Here I discuss polling in several categories. Overall YouGov (which does Newspoll) made the most useful contributions to forecasting the result, Redbridge's performance in publicly known niche polling during the campaign was very good, and Resolve Strategic's final poll was a useful counterpoint to Newspoll. The other major polls were so-so on the whole, and many minor pollsters were wildly inaccurate.

Final Polls

Pollsters are judged a lot by final polls, but final polls are only a single poll (so there's a degree of luck involved as to whether it's a good one), and final polls are taken at the time when there is the most data around for any pollster who might be tempted to herd their results in some way to base such herding on. However, the final poll stage is the only stage where, at least in theory, there's an objective reality to measure the poll against. A poll taken a few days out from election day should have a good handle on how people will vote, even more so now that so many people have already voted by that point. Any attempt to determine the accuracy of polls taken well before election day requires much more debatable assumptions.
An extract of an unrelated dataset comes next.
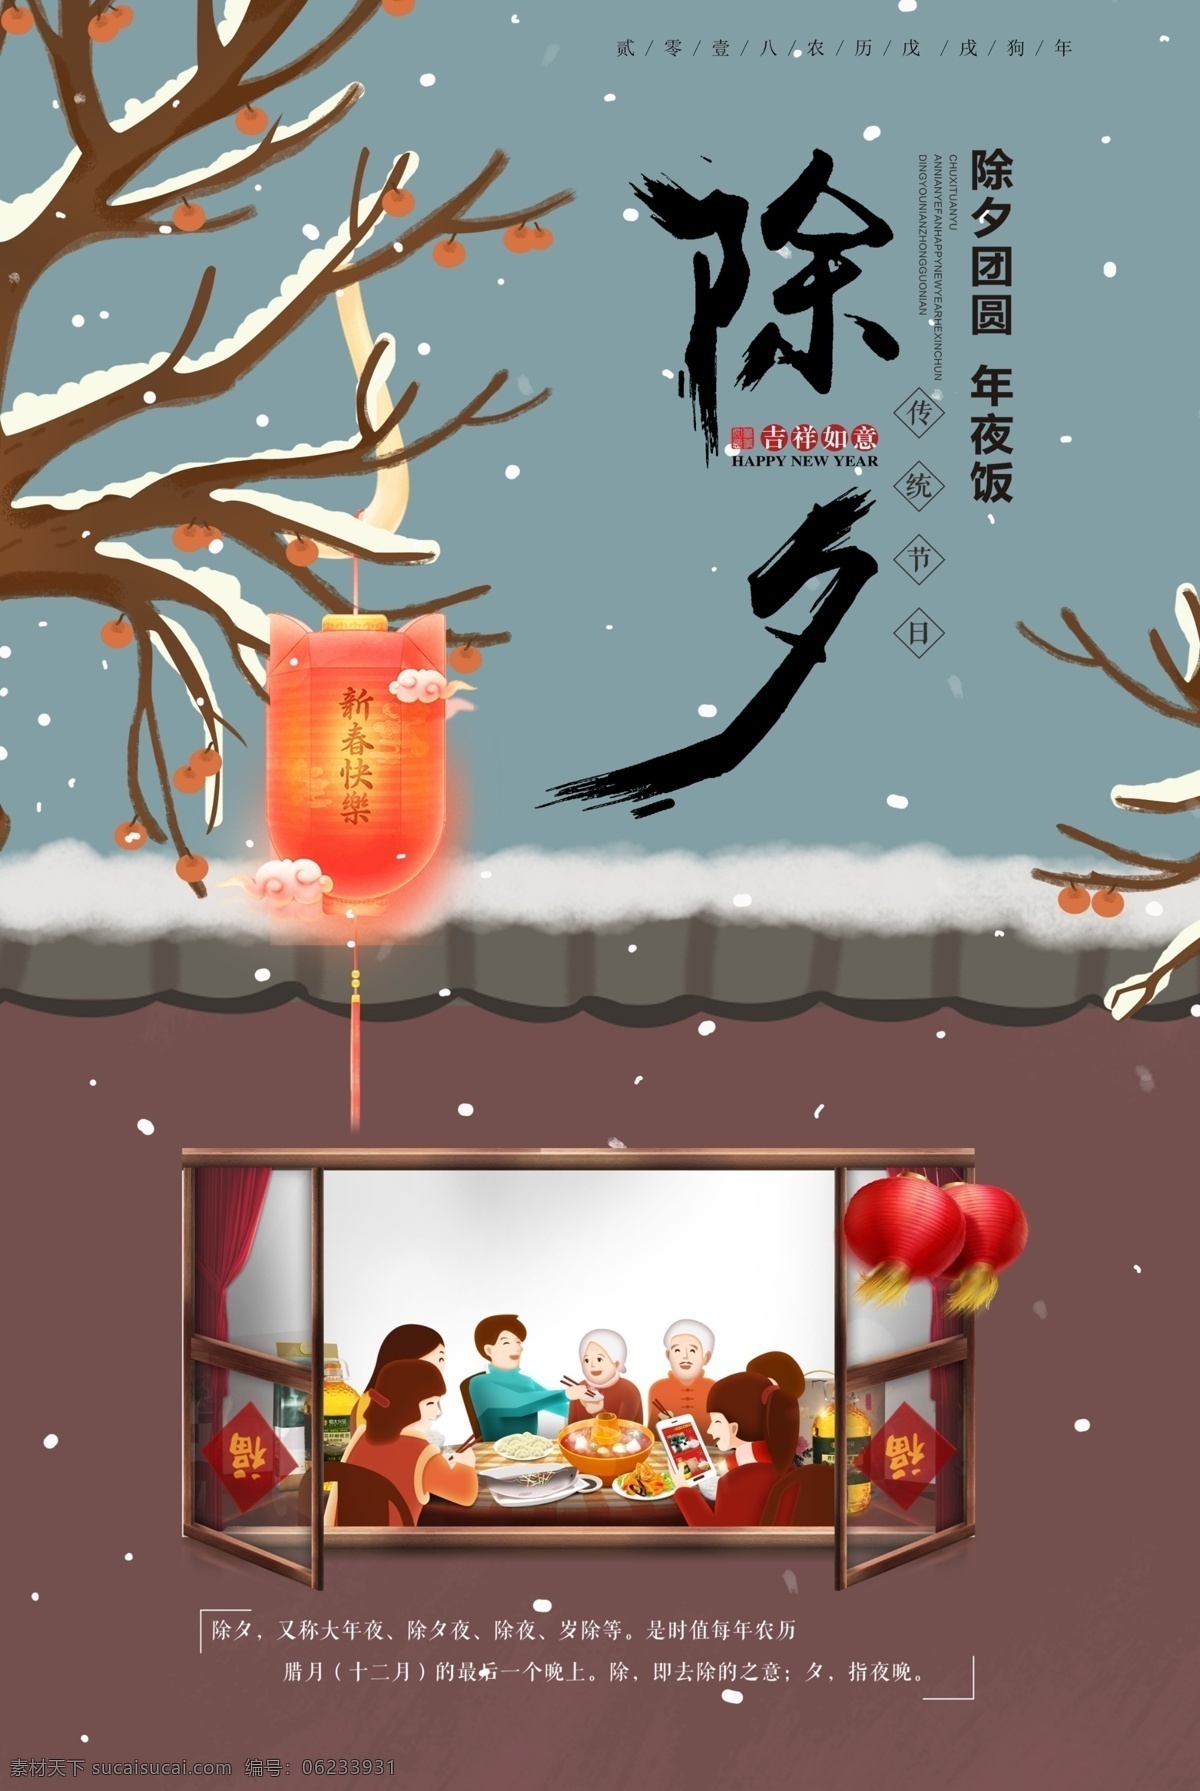 中国新年 家庭 中国人 新的一年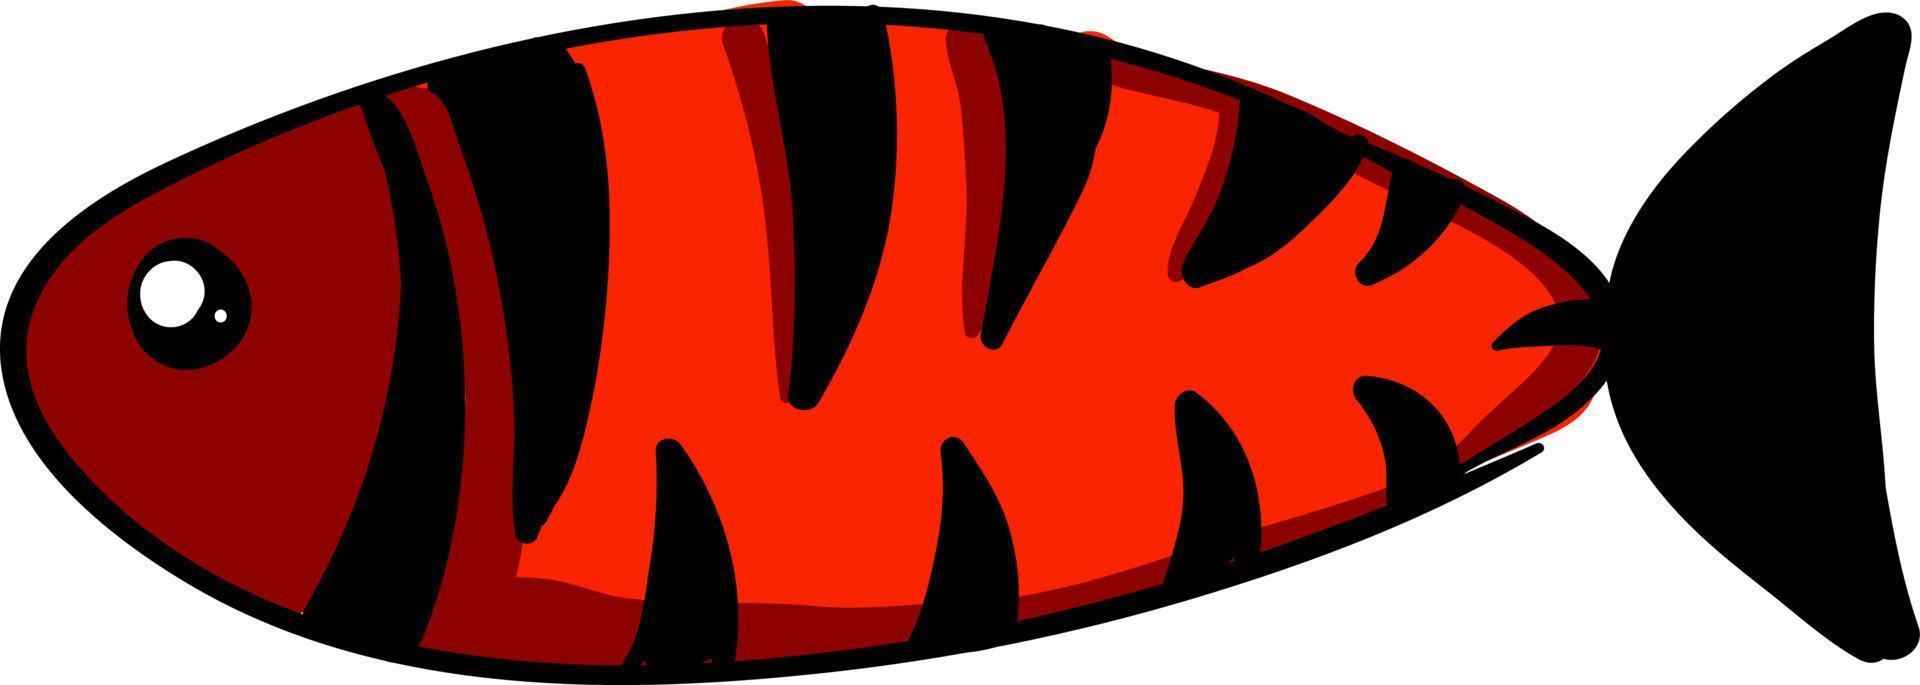 peixe vermelho com listras pretas, ilustração, vetor em fundo branco.

It's also important to note that often which poll comes out as the most successful depends on how you choose to measure it. A few comments going into the following table:

1. In previous years I have used root mean square error (RMSQ) as my measure of the accuracy of final polls. However, I have found that absolute error is almost universally used in other sources' assessments, possibly because the maths is easier. The difference is that RMSQ punishes a small number of larger errors more than a larger number of small errors. In an absolute error estimate, being out on four parties' votes by 1% each is the same as getting two dead right and getting two wrong by 2%, but RMSQ says that the former is better. For this year's tables I give both figures; I think there are arguments for either.

2. 2PP remains the main way in which Australian elections can be and should be best predicted overall (for now), and while 2PP is partly a modelling exercise as well as a polling exercise, it is a service that most pollsters provide and that those that do not provide should (as it is important for interpretation). I consider 2PP estimates to be a very important part of Australian polling accuracy, so as well as giving one set of figures for primary vote error, I also give (and prefer) another in which primary vote error and 2PP error are weighted equally.

3. At this election Essential did not publish net figures with undecided voters removed. This means that rather than providing an estimate of how voters would vote at the time the poll was taken, the poll was providing an estimate of how 93% of voters would vote while providing no estimate for the remaining 7%. To compare the accuracy of this poll with other polls it's necessary to convert it by redistributing the undecided, which I've done in the standard way.

4. I've included the YouGov MRP figures in the table for comparison, although it was not a final poll, but a difficulty here is that it published seat by seat projections but not totals. The primary figures given were not published and were obtained after the election but are virtually identical (three differences of 0.1%) to figures calculated by Ethan of Armarium Interreta from the published primaries before the election. Had YouGov published totals it may well have rounded them to whole numbers. In any case as it didn't publish any totals I have avoided directly including it in the main list of final polls; likewise for Resolve I have included only the rounded totals that were published and not totals to one decimal place that were published post-election.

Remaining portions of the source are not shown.